Digitalis intoxication is a frequent outcome of chronic treatment with digitalis glycosides but uncommon following accidental intake or self-poisoning.1 Ventricular arrhythmias are an expression of this complication and can usually be controlled thru conventional means including suspension of the drug. However, in the presence of potentially lethal arrhythmias and kidney failure difficult decisions must be taken as normal antiarrhythmic therapy may be inappropriate and put the patient at risk. In ventricular arrhythmia, bidirectional ventricular tachycardia (BVT) is a rare outcome; it is virtually a diagnosis of digitalis toxicity and indicates a life-threatening situation.

We present the case of a 75-year-old woman with antecedents of chronic atrial fibrillation and arterial hypertension, being treated with acenocoumarol, digoxin (0.25 mg/day) and lisinopril, who attended Emergency Room for dyspnea. In the initial physical examination we found tachypnea, jugular venous distension when reclined at 45 degrees, normotension and a poor general clinical status. In the cardiorespiratory examination, auscultation showed arrhythmic tones at 150 beats/minute and bibasal crepitations. Analysis showed urea 149 mg/dL, creatinine 3.1 mg/dL and potassium 5.1 mEq/L. The electrocardiogram (ECG) showed atrial fibrillation with a 150 beats/minute mean ventricular frequency (Figure 1). The patient was clinically stable following diuretic treatment and was hospitalized with improved renal function (urea, 130 mg/dL; creatinine, 2.6) and persistent hyperpotassemia (5.8 mEq/L). She maintained a regimen of 0.25 mg/day of oral digoxin until day 5 when she presented symptoms of left heart failure and hypotension (the ECG is in Figure 2). Frequency, regularity, and bidirectionality of the QRS complex in the frontal plane led us to diagnose BVT possibly caused by digitalis. Digoxinemia was 6 ng/mL (normal: 0.8-2 ng/mL). Given the potential life-threatening risk, disturbed ventricular rhythm in the presence of heart failure, kidney failure, hyperpotassemia, the fact that antiarrhythmic agents can entail increased risk and that electric cardioversion is counterindicated, we decided to use specific antidigoxin antibodies. After monitoring and a negative skin test, the patient was administered 450 mg of antidigoxin Fab with the altered rhythm disappearing within 1 hour of administration (Figure 3). Subsequent Doppler echocardiography showed concentric hypertrophy of the left ventricle with conserved systolic function.

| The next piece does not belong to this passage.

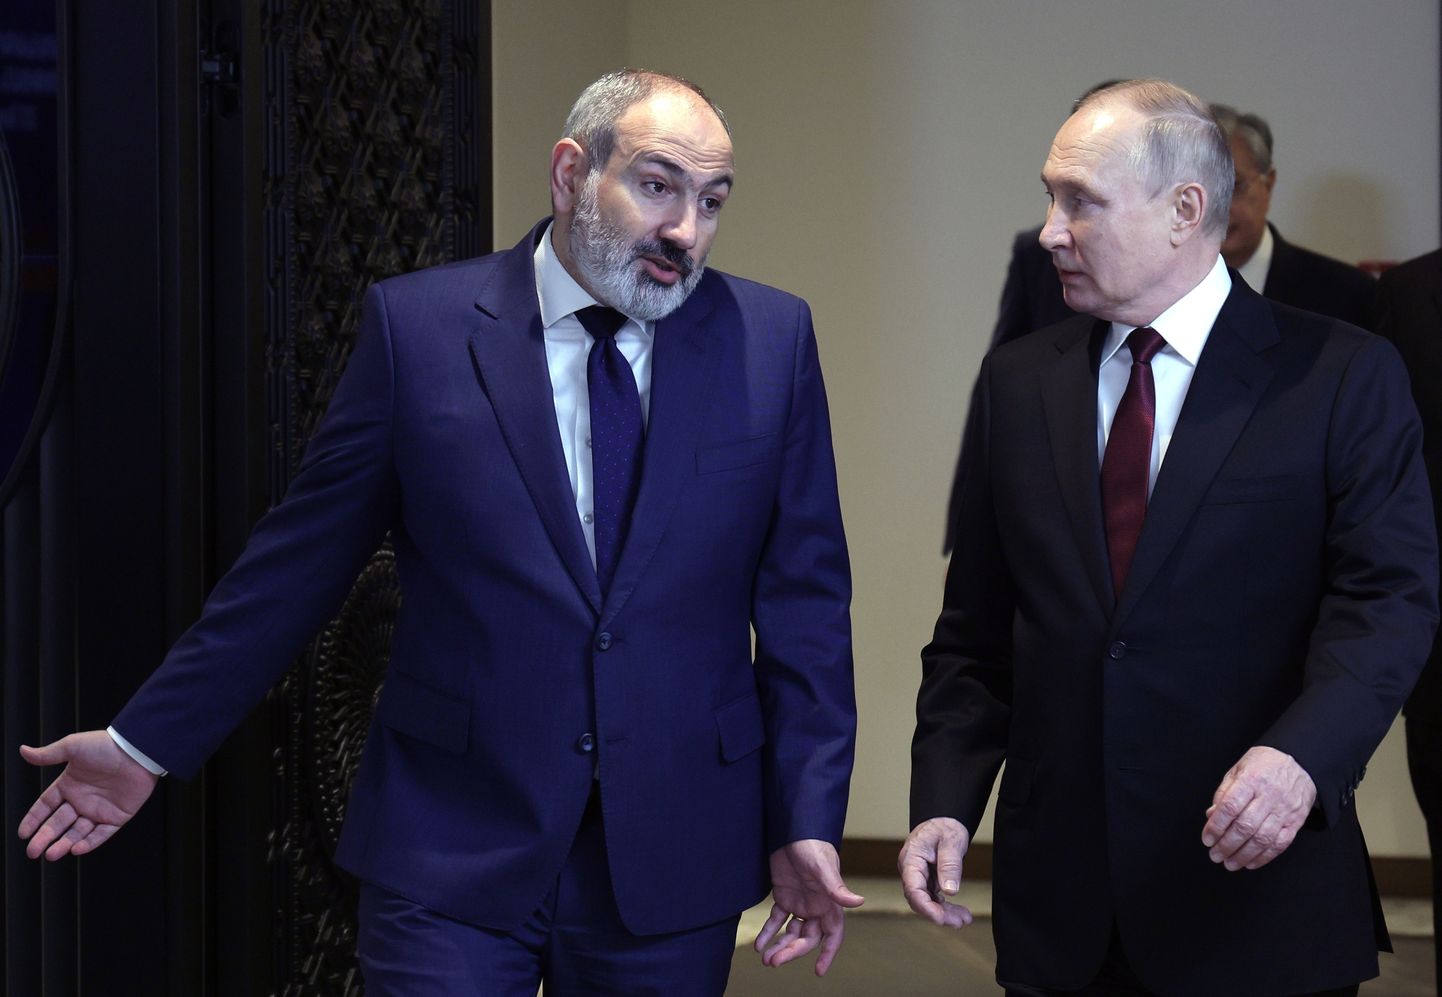 Armeenia peaminister Nikol Pašinjan ja Venemaa president Vladimir Putin rääkimas Kollektiivse Julgeoleku Lepingu Organisatsiooniga (KJLO) tippkohtumisel Jerevanis 23. novembril 2022. aastal.
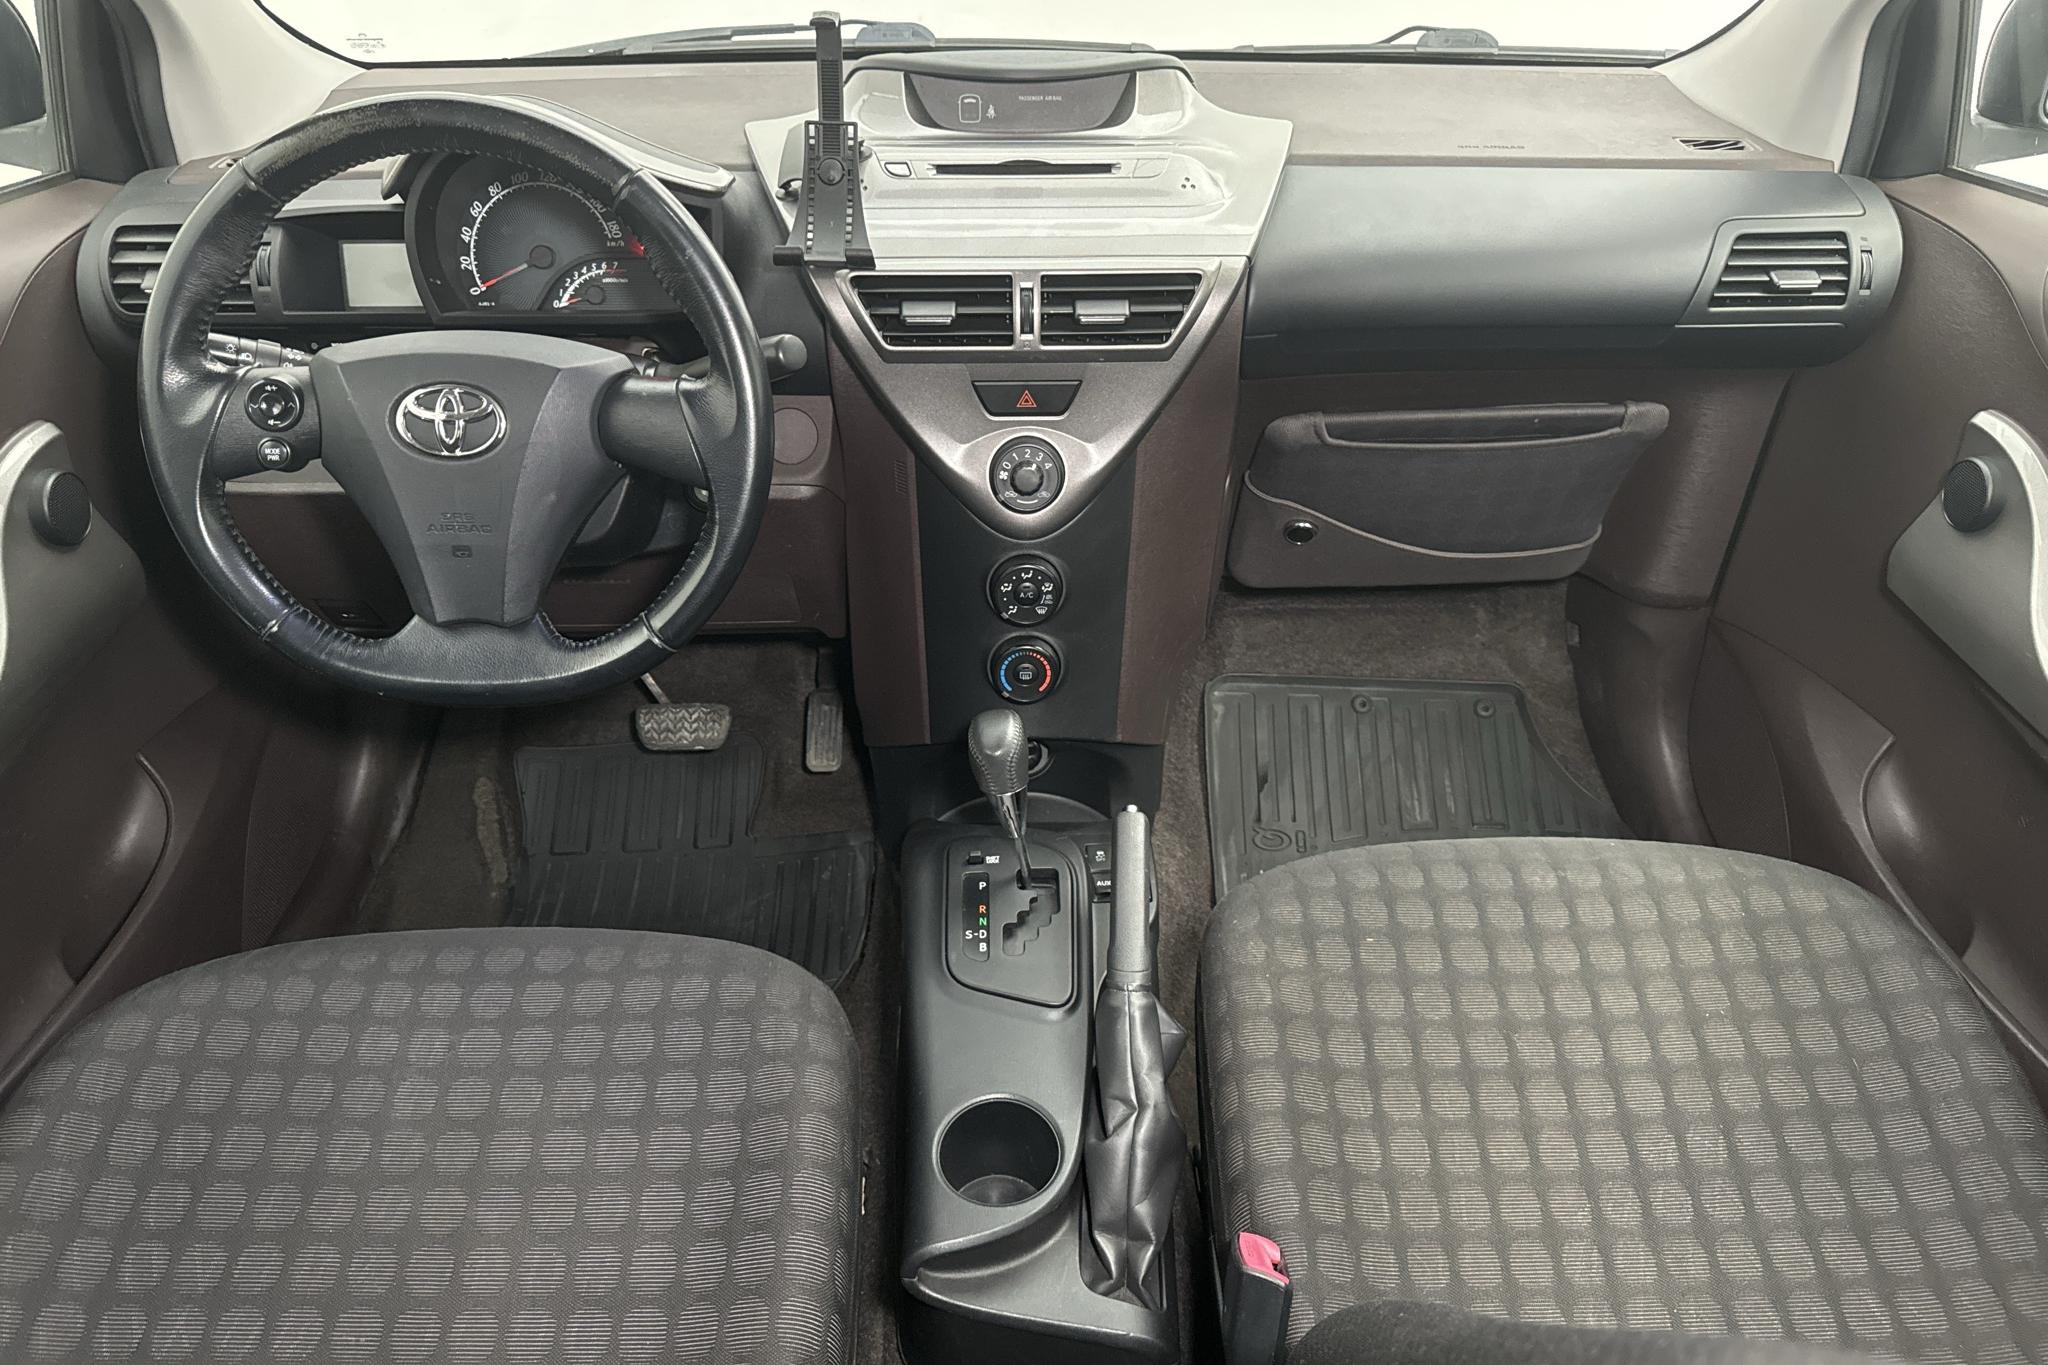 Toyota iQ 1.0 (68hk) - 11 957 mil - Automat - 2009

Figure 1. Atrial fibrillation with mean ventricular frequency 150 beats/minute. "Narrow" QRS complex, i.e. <120 ms duration.

Figure 2. Bidirectional ventricular tachycardia. Note that in the frontal plane QRS complex morphology alternates between ­60° and +120°. Duration is <120 ms.

Figure 3. Atrial fibrillation with mean ventricular frequency 90 beats/minute. QRS complex morphology is again similar to that of QRS complex prior to ventricular tachycardia.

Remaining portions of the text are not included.